Open-source, stateless AI model selection engine.
Select the cheapest model that can successfully complete the task.
ModelDirector doesn't execute prompts and isn't a gateway. It scores a user prompt against a configurable set of candidate models and returns the best pick — with full reasoning, a per-model cost estimate, and an auditable decision trace.
$ echo "Translate 'hello' to Spanish." | modeldirector select -c config.yaml
{
"selected_model": "gpt5mini",
"policy": "cheapest_capable",
"scores": {
"gpt5mini": { "overall": 92, "reasoning": 80, "coding": 85, "context": 90, "explanation": "..." },
"sonnet": { "overall": 95, "reasoning": 90, "coding": 92, "context": 95, "explanation": "..." },
"opus": { "overall": 99, "reasoning": 99, "coding": 97, "context": 99, "explanation": "..." }
},
"estimated_cost_usd": {
"gpt5mini": 0.0001,
"sonnet": 0.0020,
"opus": 0.0100
},
"input_tokens": 7,
"reason": "'gpt5mini' is the first model exceeding the threshold of 80 (overall=92, priority=1, cost=$0.15/1M in, $0.60/1M out)."
}
ModelDirector is a model selection engine. Not a router. Not a gateway. Not a model. It does one thing:
- You define your candidate models (id, real cost, capabilities, strengths, description).
- ModelDirector scores a prompt against every candidate.
- Your configured policy picks the winner.
- The decision, scores, and per-model USD cost estimate are returned.
The engine is 100% independent of how your agent actually calls the LLM. It works with anything that talks LiteLLM — OpenAI, Anthropic, OpenRouter, Ollama, vLLM, Bedrock, Azure. The same engine powers every adapter:
ModelDirector Engine
┌────────────────────────────────────┐
│ Config loader · Selector │
│ Policy engine · Cost estimator │
└────────────────────────────────────┘
│
┌──────────────┬────────────┼────────────┬──────────────┐
│ │ │ │ │
Python SDK CLI REST MCP Your adapter
Pick the surface that fits. Same engine, same policies, same result.
Most agents ship with a single hardcoded model. Two problems:
- Cost — using Opus for a typo-fix is wasteful.
- Lock-in — switching providers means rewriting call sites.
ModelDirector sits before the model call. The same director.select(prompt)
call works for OpenAI, Anthropic, local Ollama, or a self-hosted mix.
The selection is auditable (reason), deterministic (configurable seed),
explainable (full per-model scores), and transparent — every output
includes a per-model USD cost estimate so the trade-off is visible to the
caller.
# Core (SDK + CLI)
pip install modeldirector
# With REST adapter
pip install "modeldirector[rest]"
# With MCP adapter (for Claude Desktop, Continue, etc.)
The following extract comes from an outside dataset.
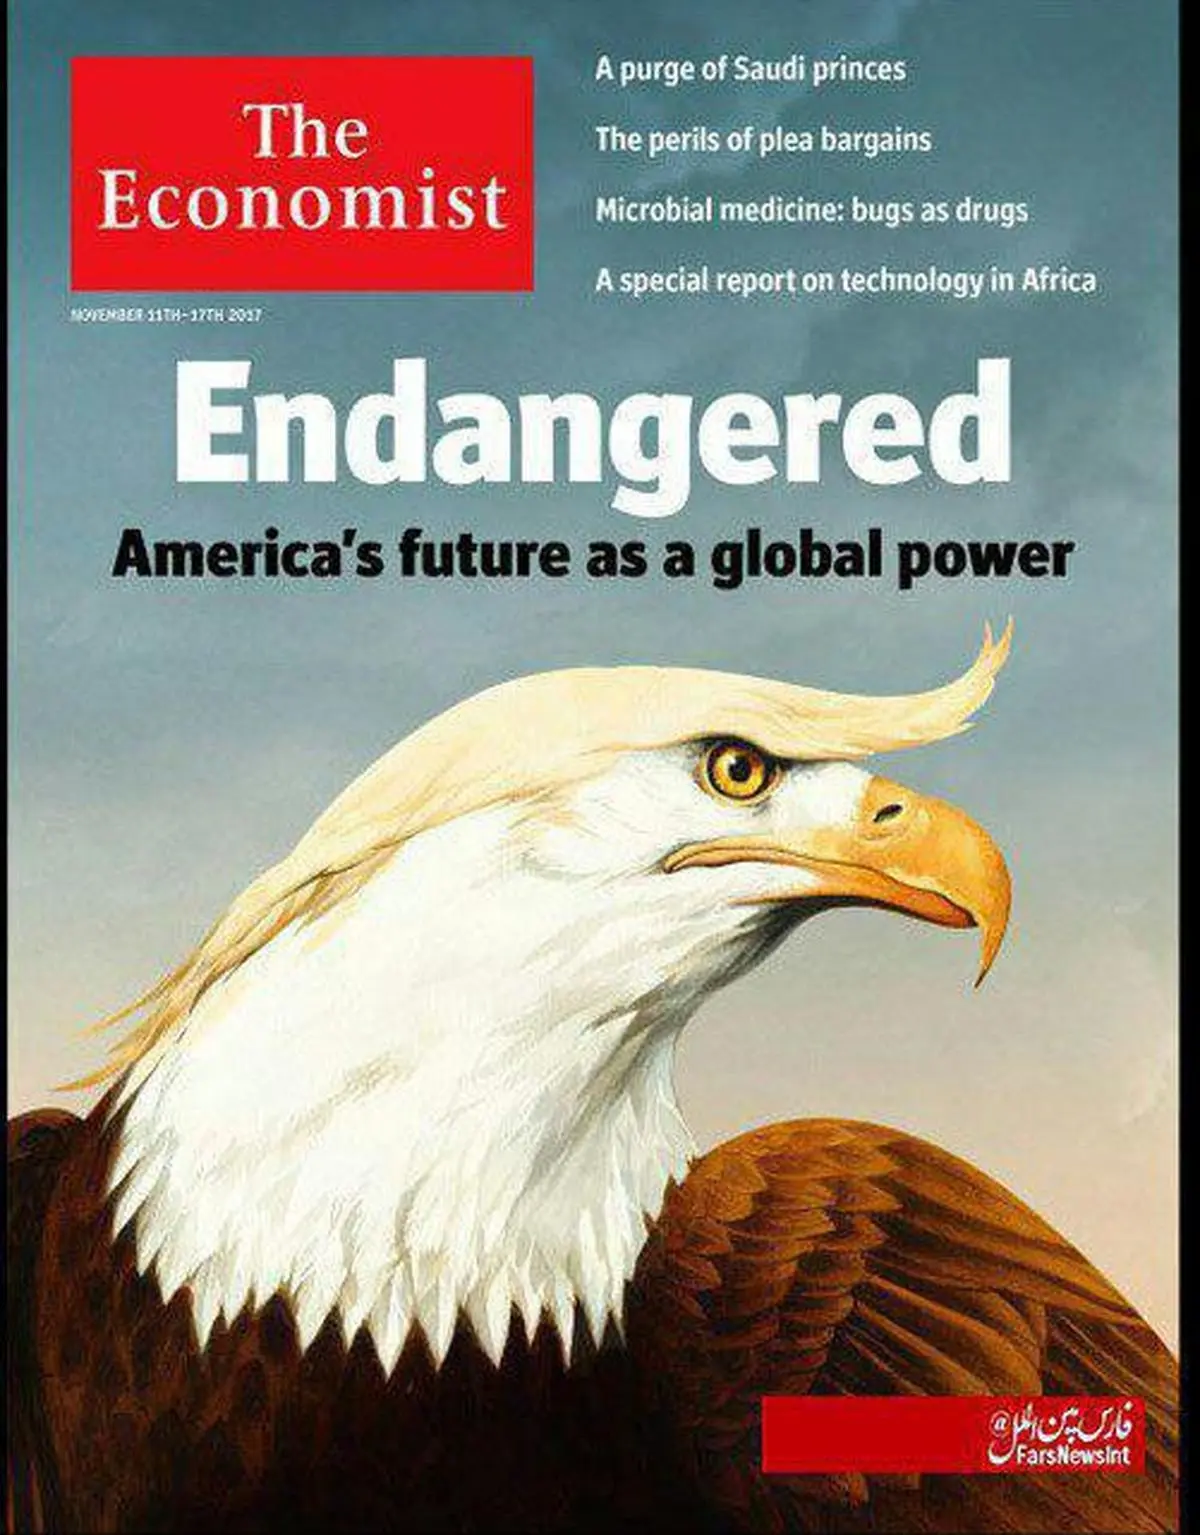 جلد نشریه اکونومیست؛ به خطرافتادن آینده آمریکا به عنوان یک «قدرت جهانی» در عصر ترامپ.

pip install "modeldirector[mcp]"
# Everything
pip install "modeldirector[all]"Or from this repo:
git clone https://github.com/aniketkarne-com/ModelDirector
cd ModelDirector
uv sync --all-extras-
Write a config (
config.yaml):selector: provider: openrouter model: anthropic/claude-3.5-haiku # small, fast, JSON-reliable temperature: 0.0 policy: type: cheapest_capable threshold: 80 models: - id: gpt5mini # model id = model name, no tier labels name: openai/gpt-4o-mini display_name: GPT-4o mini description: | OpenAI's small, fast, low-cost model. Good for classification, routing, short summarisation, and basic Q&A. Weaker at long- horizon reasoning and complex code generation. strengths: # structured tags the selector can rely on - classification - short_summarisation - simple_qa capabilities: { reasoning: 65, coding: 70, context: 70 } priority: 1 cost: # USD per 1M tokens (input / output) input: 0.15 output: 0.60 - id: sonnet name: anthropic/claude-3.5-sonnet display_name: Claude 3.5 Sonnet description: | Anthropic's mid-tier model. Strong at coding, architecture, and long-context reasoning. 200k context window. strengths: - coding - architecture - refactoring - long_context capabilities: { reasoning: 88, coding: 92, context: 95 } priority: 2 cost: input: 3.00 output: 15.00 - id: opus name: anthropic/claude-opus-4 display_name: Claude Opus 4 description: | Anthropic's frontier model. Best reasoning, complex multi-step planning, nuanced code generation. strengths: - hard_reasoning - complex_coding - architecture_design capabilities: { reasoning: 95, coding: 95, context: 99 } priority: 3 cost: input: 15.00 output: 75.00
-
Select a model for any prompt:
# CLI modeldirector select -c config.yaml -p "Summarise this article." # From a file modeldirector select -c config.yaml -f prompt.txt # From stdin echo "Write a haiku" | modeldirector select -c config.yaml
-
Or use the Python SDK:
from modeldirector import ModelDirector, load_config director = ModelDirector(load_config("config.yaml")) result = director.select("Explain quantum entanglement in one paragraph.") print(result.selected_model, "-", result.reason) print(" cost:", result.estimated_cost_usd[result.selected_model], "USD")
-
Or call the REST API:
MODELDIRECTOR_CONFIG=config.yaml uvicorn modeldirector.adapters.rest:app curl -X POST http://localhost:8000/select \ -H 'content-type: application/json' \ -d '{"prompt": "Fix the typo in this sentence."}' -
Or expose it as an MCP tool:
modeldirector-mcp config.yaml # talks MCP stdio to Claude Desktop etc.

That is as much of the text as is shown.